Start of Block

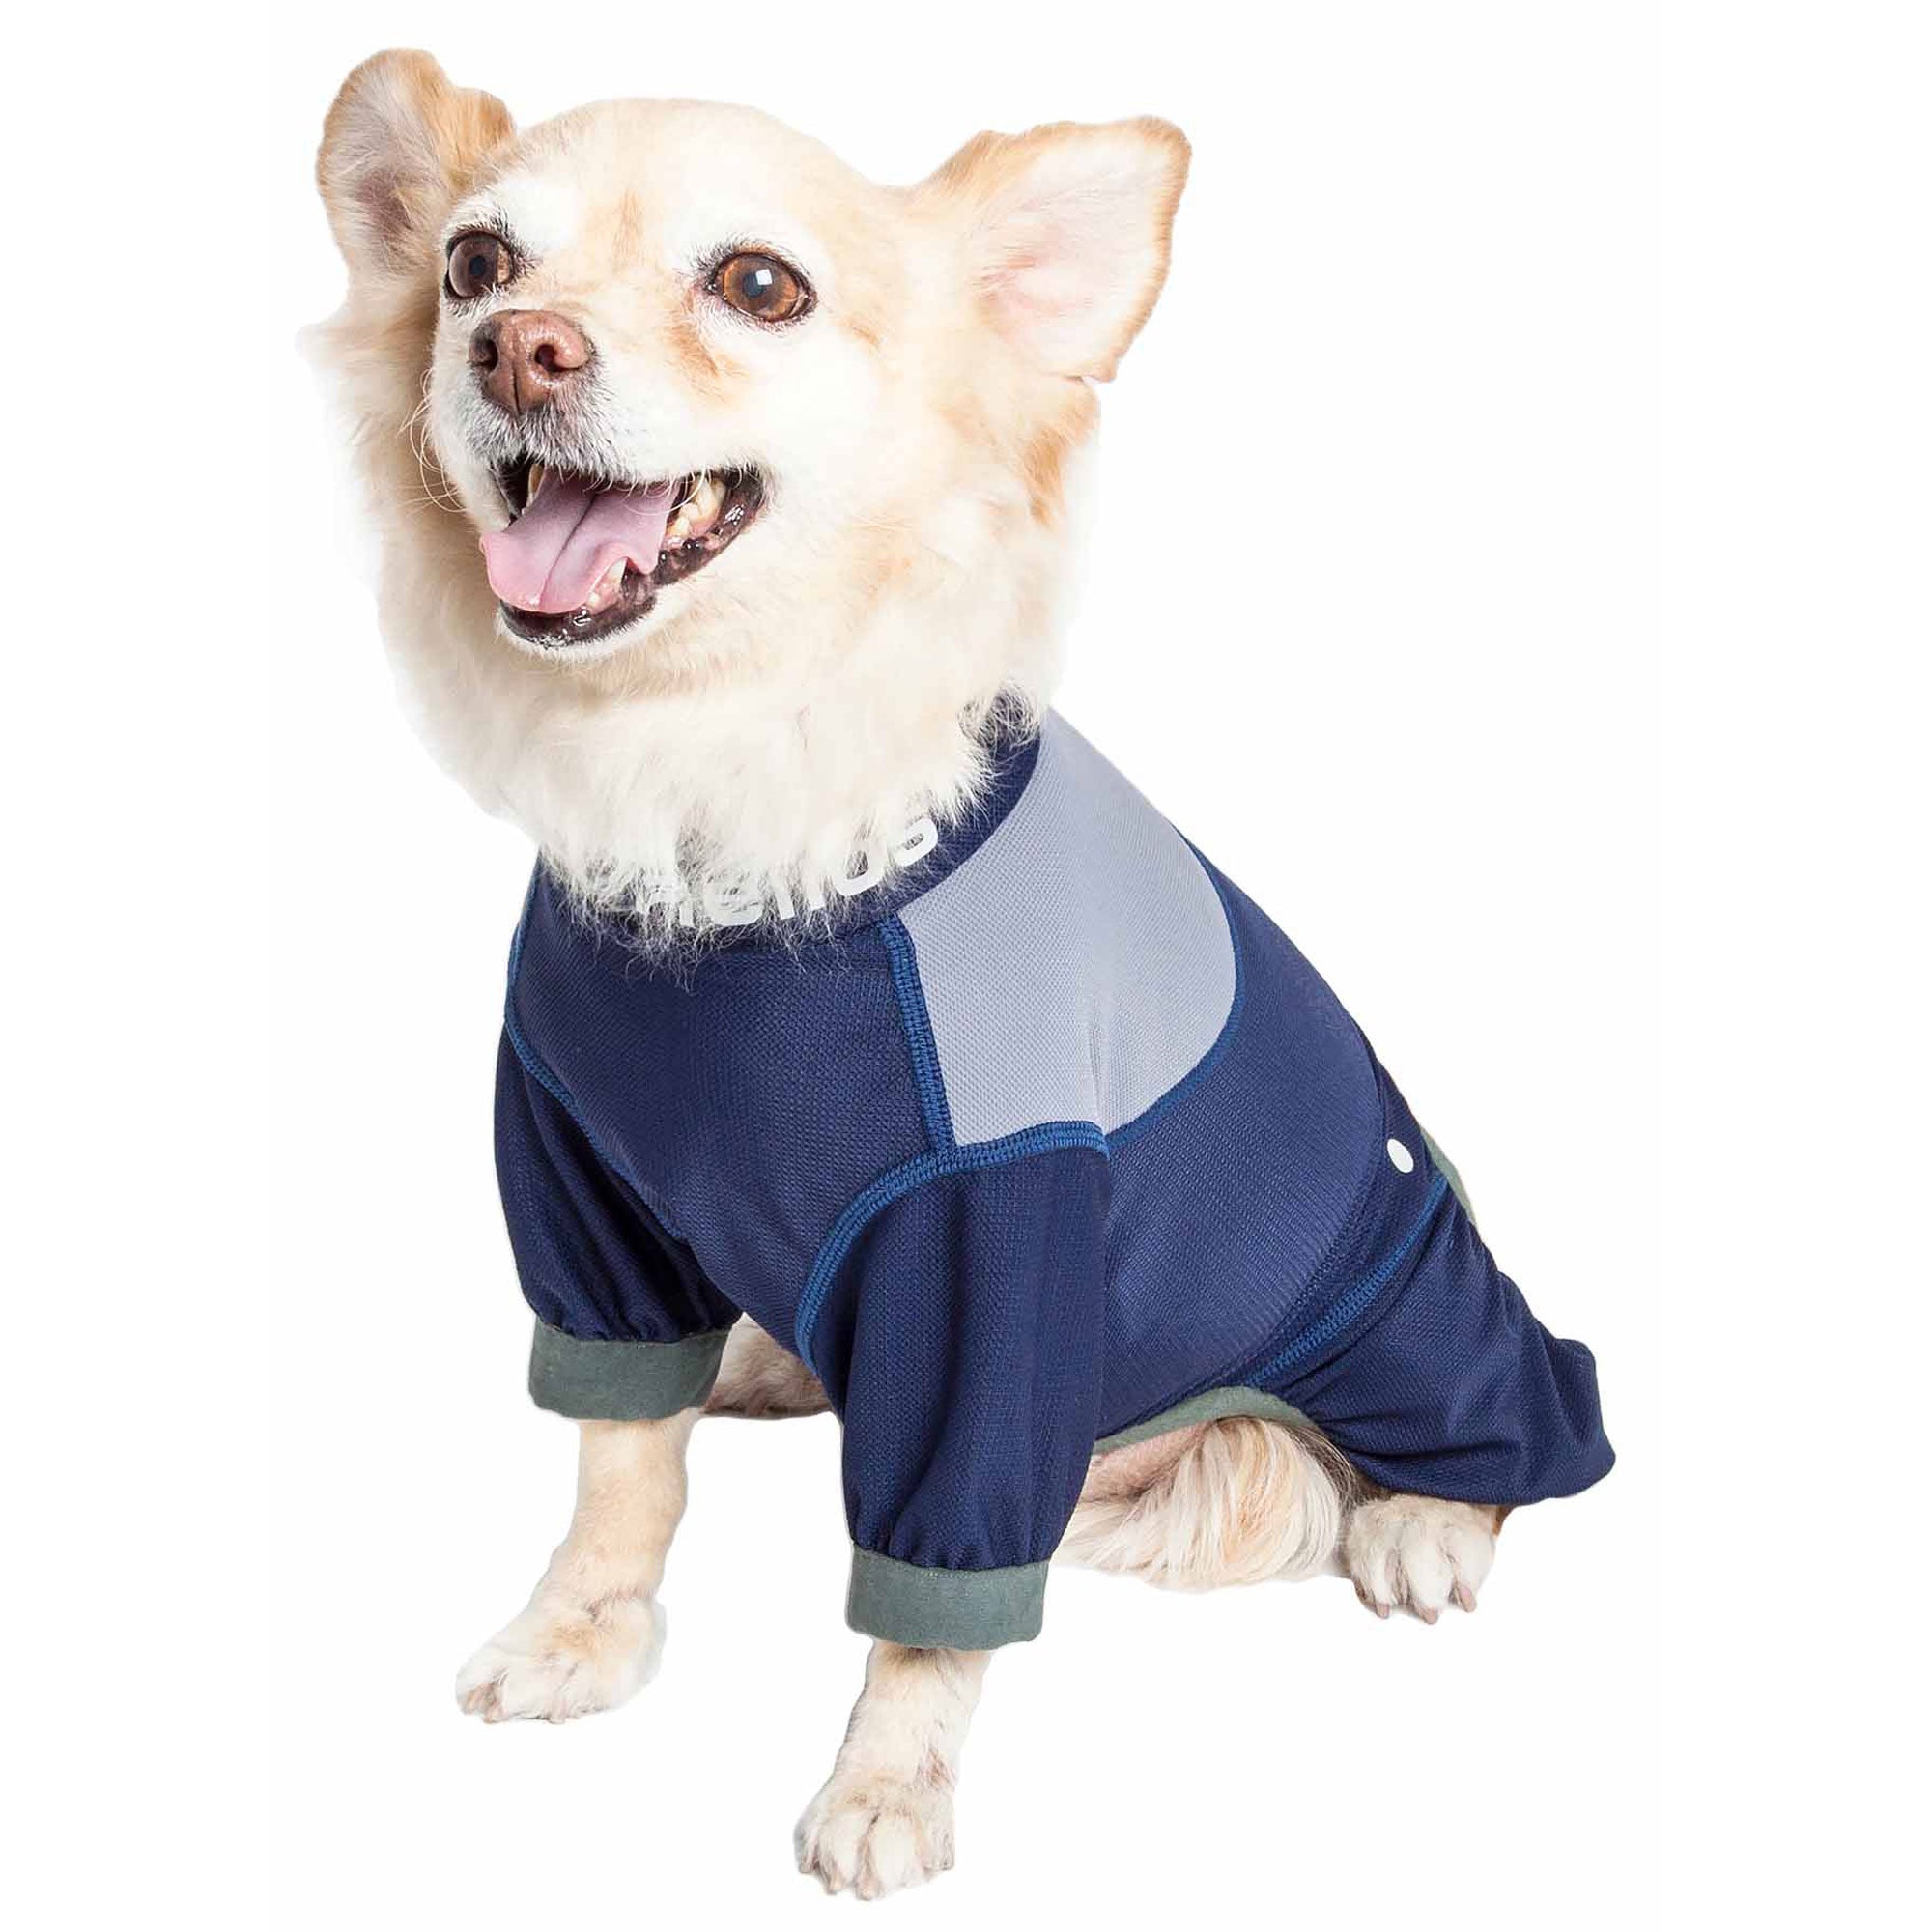 Dog Helios® Tail Runner Dog Track Suit - Blue & Gray - X-Large
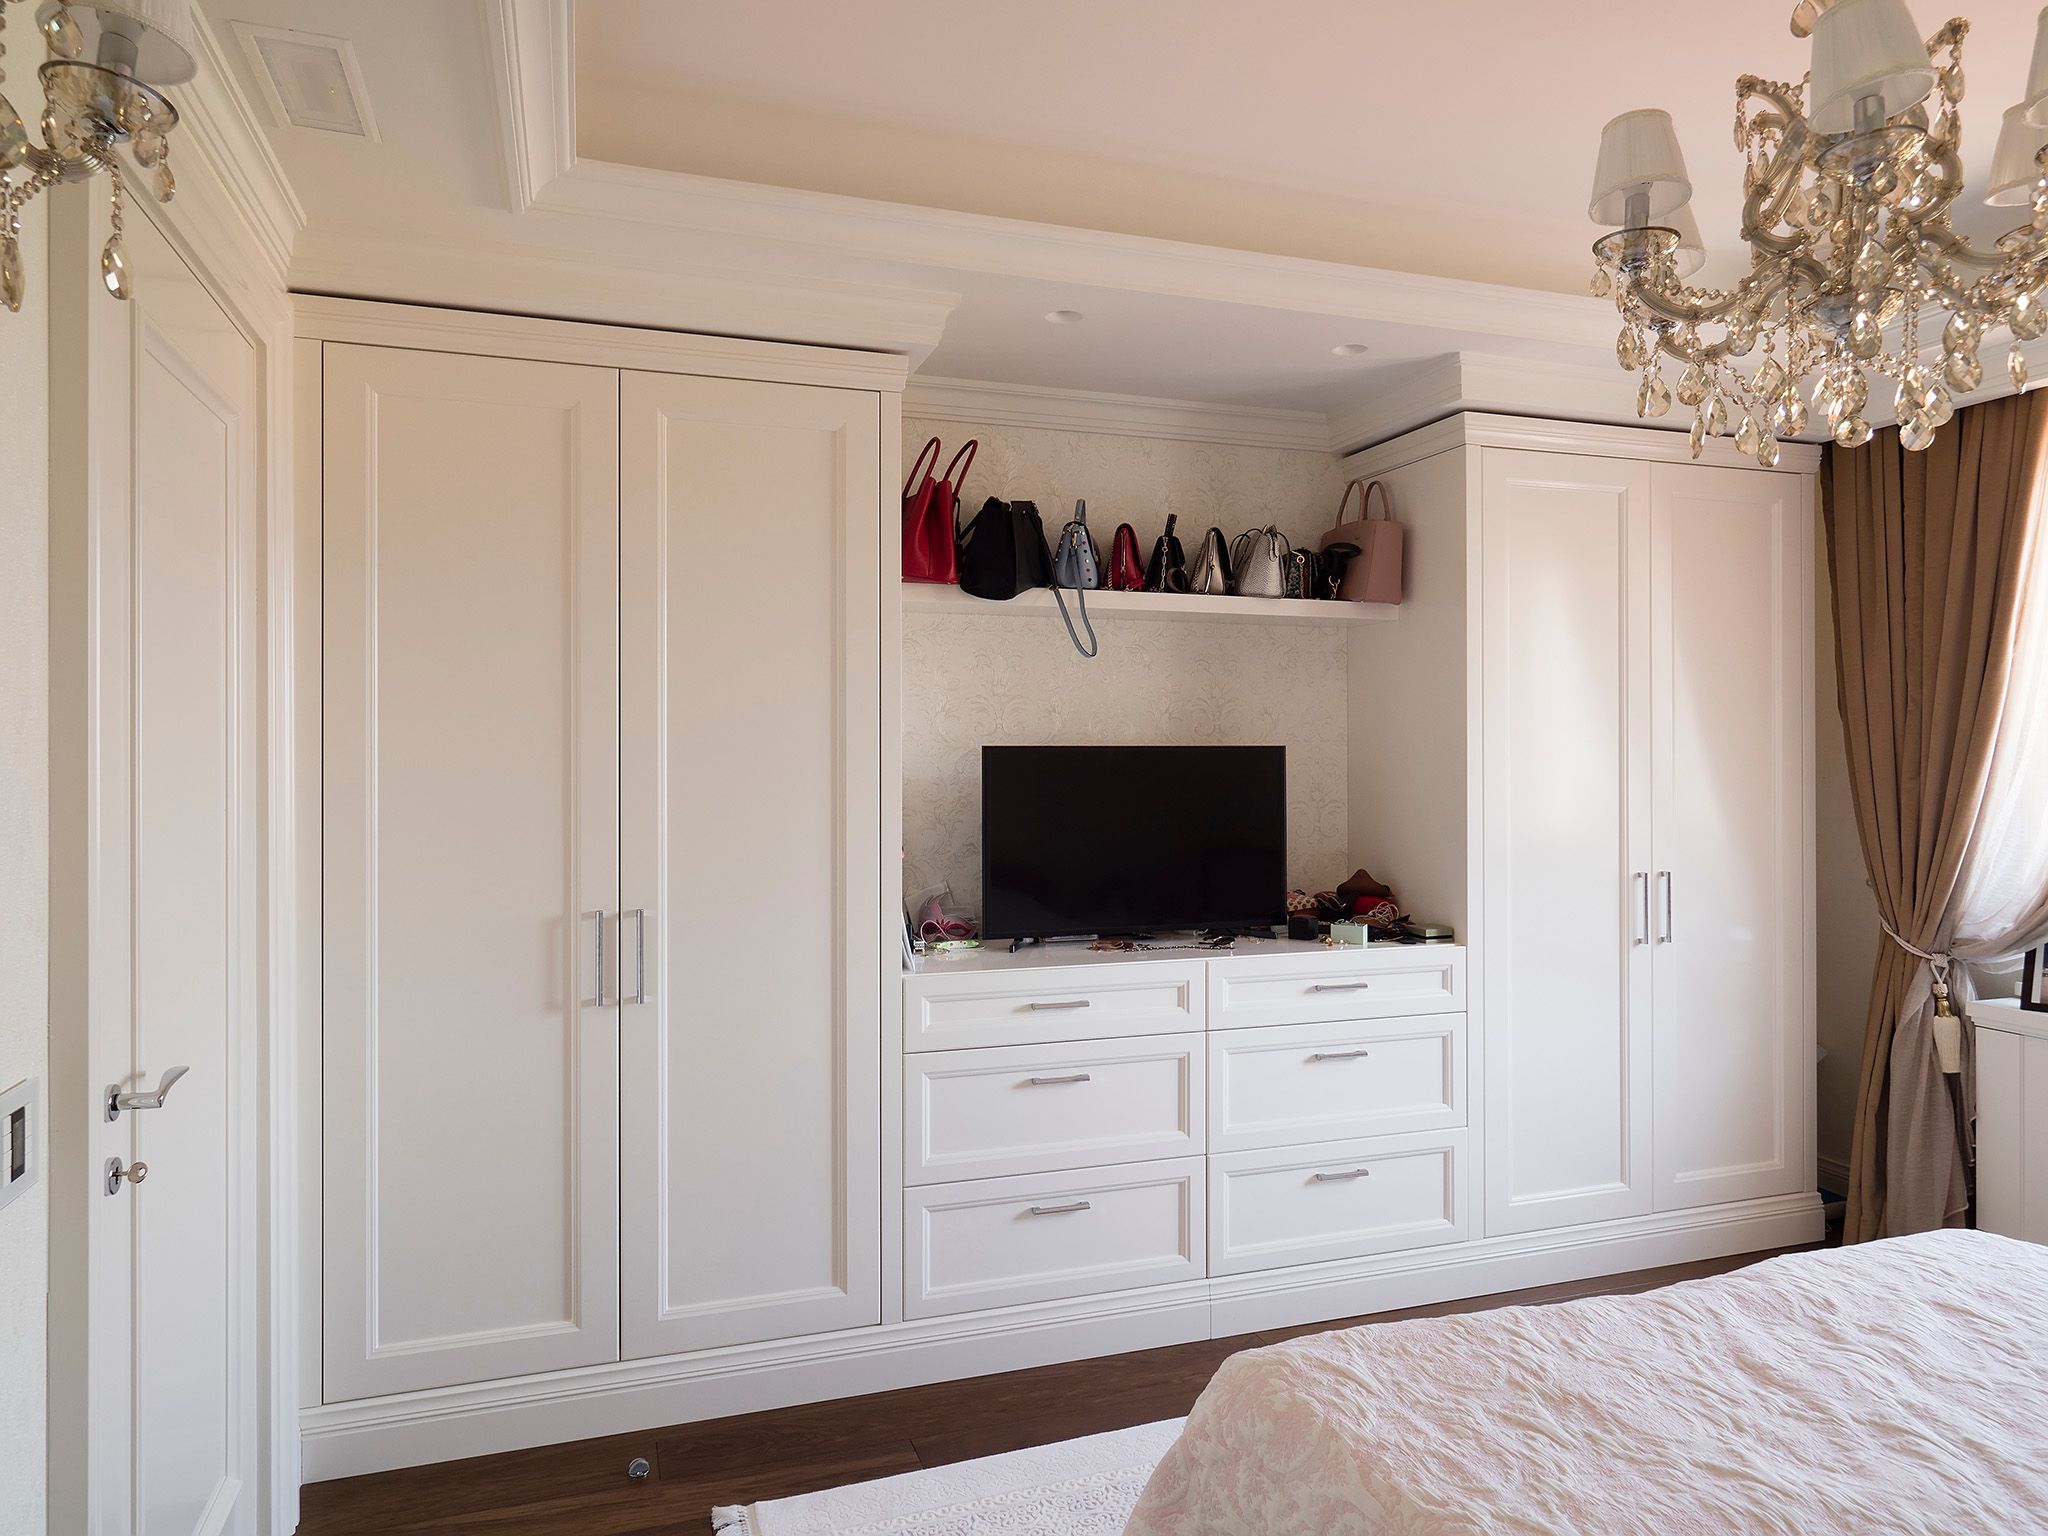 Fitted Wardrobes Ideas | Bedroom Ideas For Couples Throughout Bedroom Wardrobes (Gallery 18 of 20)
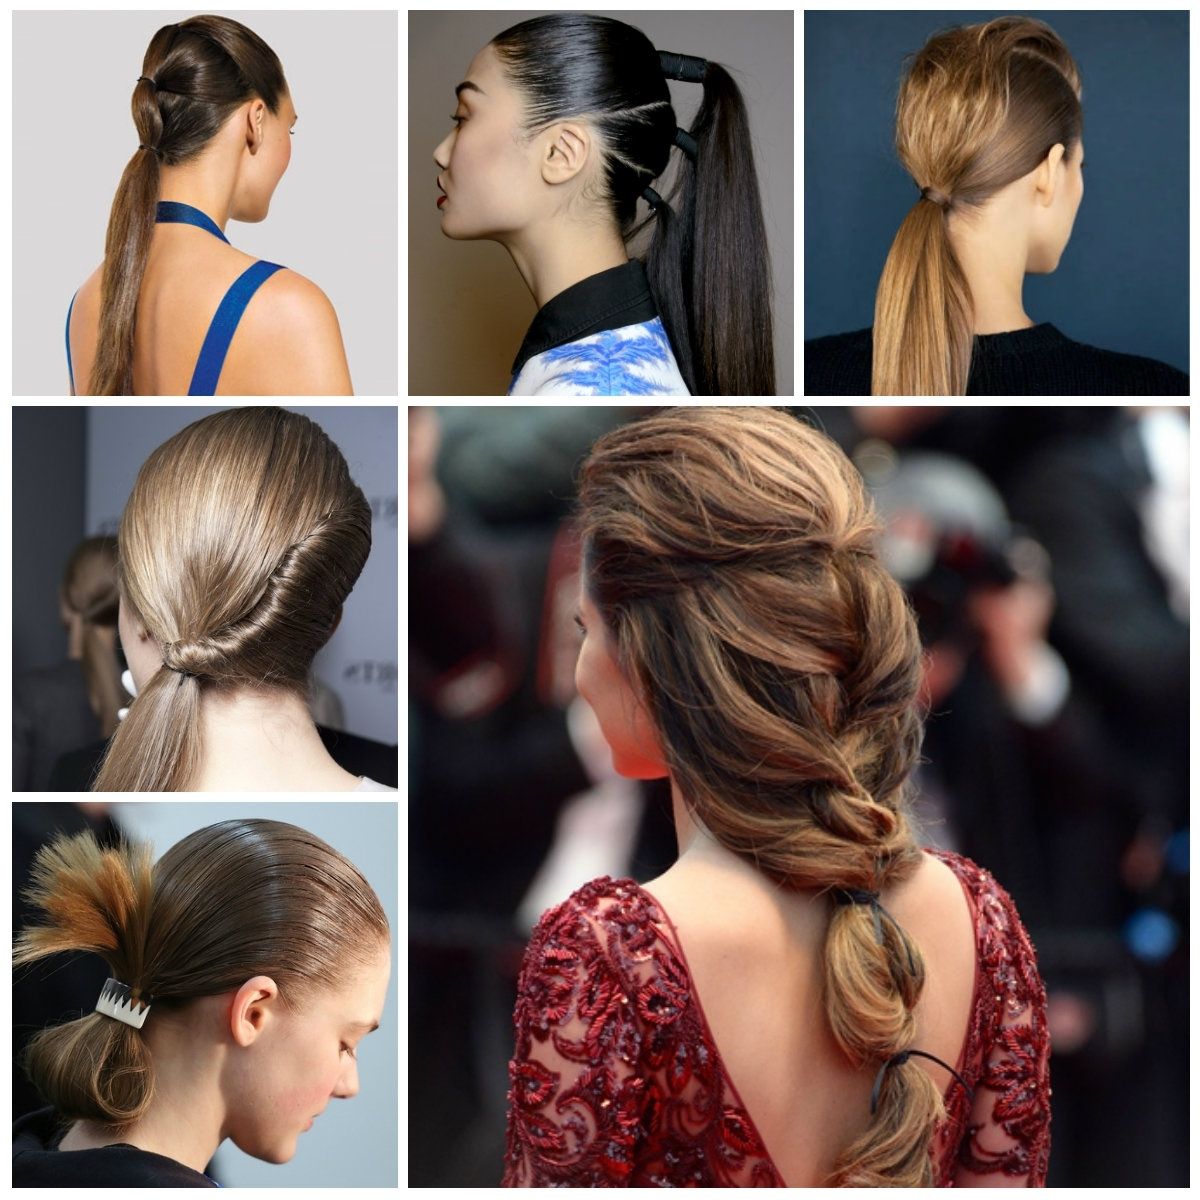 Hairstyles For Women 2019, Haircuts For Long Intended For Widely Used Casual Retro Ponytail Hairstyles (View 9 of 20)

End of Block

■ Task details:
Return the listing above in an exact copy that leaves out the images.

■ Task output:
 Dog Helios® Tail Runner Dog Track Suit - Blue & Gray - X-Large
 Fitted Wardrobes Ideas | Bedroom Ideas For Couples Throughout Bedroom Wardrobes (Gallery 18 of 20)
 Hairstyles For Women 2019, Haircuts For Long Intended For Widely Used Casual Retro Ponytail Hairstyles (View 9 of 20)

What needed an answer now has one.